Let $D$ be a discrete valuation ring, possibly non-commutative, with uniformiser $\pi$, and let $Q=M_n(Q(D))$, where $Q(D)$ denotes the ring of quotients of $D$. Let $v$ be the extension of the $\pi$-adic filtration on $D$ to $Q$.
We will assume that $Q(D)$ has characteristic $p>0$.
Given a matrix $A\in Q$, the $p$-growth of $A$ need not be constant, i.e. it is possible that $v(A^{p^m})>p^m{v(A)}$ for some $m\in\mathbb{N}$.
We say that the $p$-growth of $A$ is eventually constant if for some $k\in\mathbb{N}$, $A^{p^k}$ has constant growth, i.e. $v(A^{p^{k+m}})=p^m{v(A^{p^k})}$ for all $m\in\mathbb{N}$.

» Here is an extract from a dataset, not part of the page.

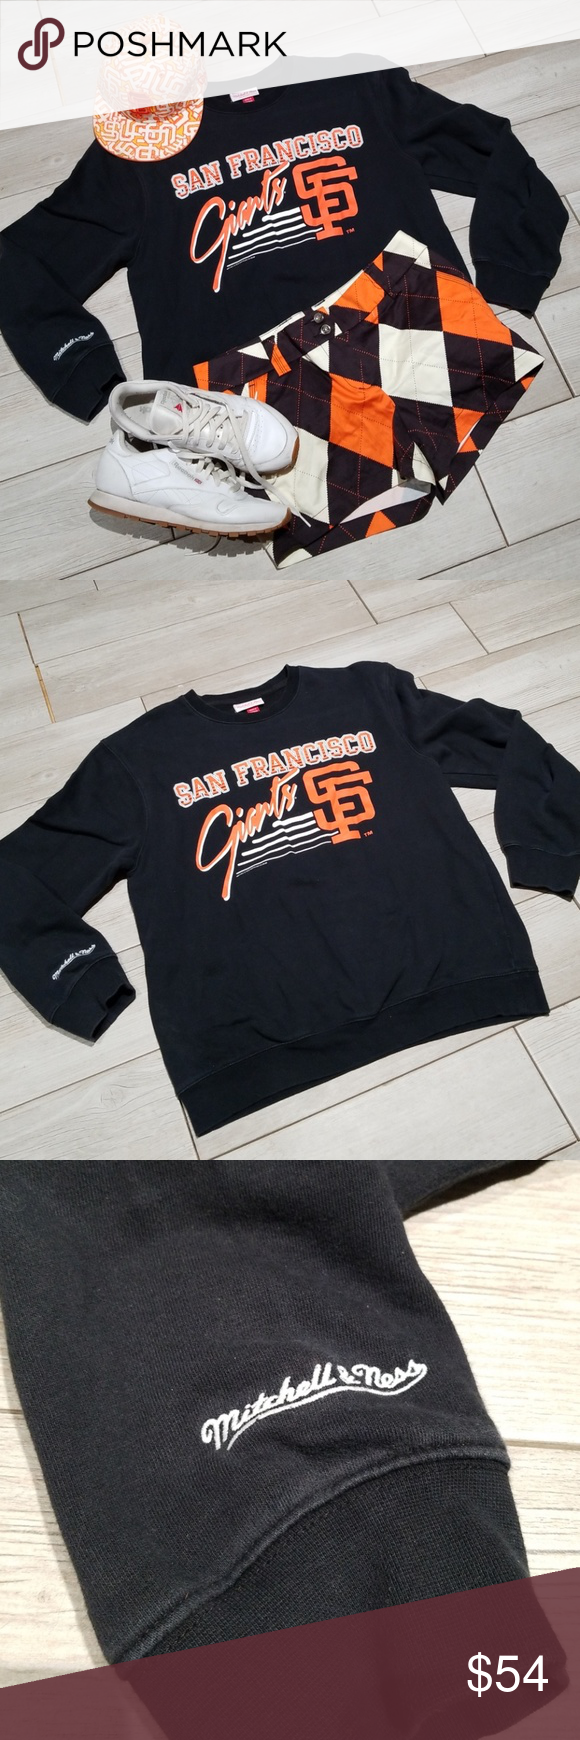 Mitchell Ness Sf Giants Vintage Sweatshirt Sz L Mitchell Ness Nostalgia Co Mlbp Size Large Black Crew N Vintage Sweatshirt Sweatshirts Giant Vintage [ 1740 x 580 Pixel ]

My question is, after passing to $Q'=M_n(K)$ for some finite-dimensional extension $K$ of $Q(D)$, can we always conjugate $A$ by something invertible in $Q'$ to get a matrix with an eventually constant growth rate?
This is always possible if $D$ is commutative, because after passing to a finite extension of $Q(D)$, we can put $A$ into Jordan normal form, and raising this to high $p$-th powers will yield a diagonal matrix, which has constant growth.
But the Jordan normal form does not hold in a non-commutative setting, so this approach fails. Does anyone know of an alternative method that holds in a non-commutative setting, or can anyone think of any counterexample?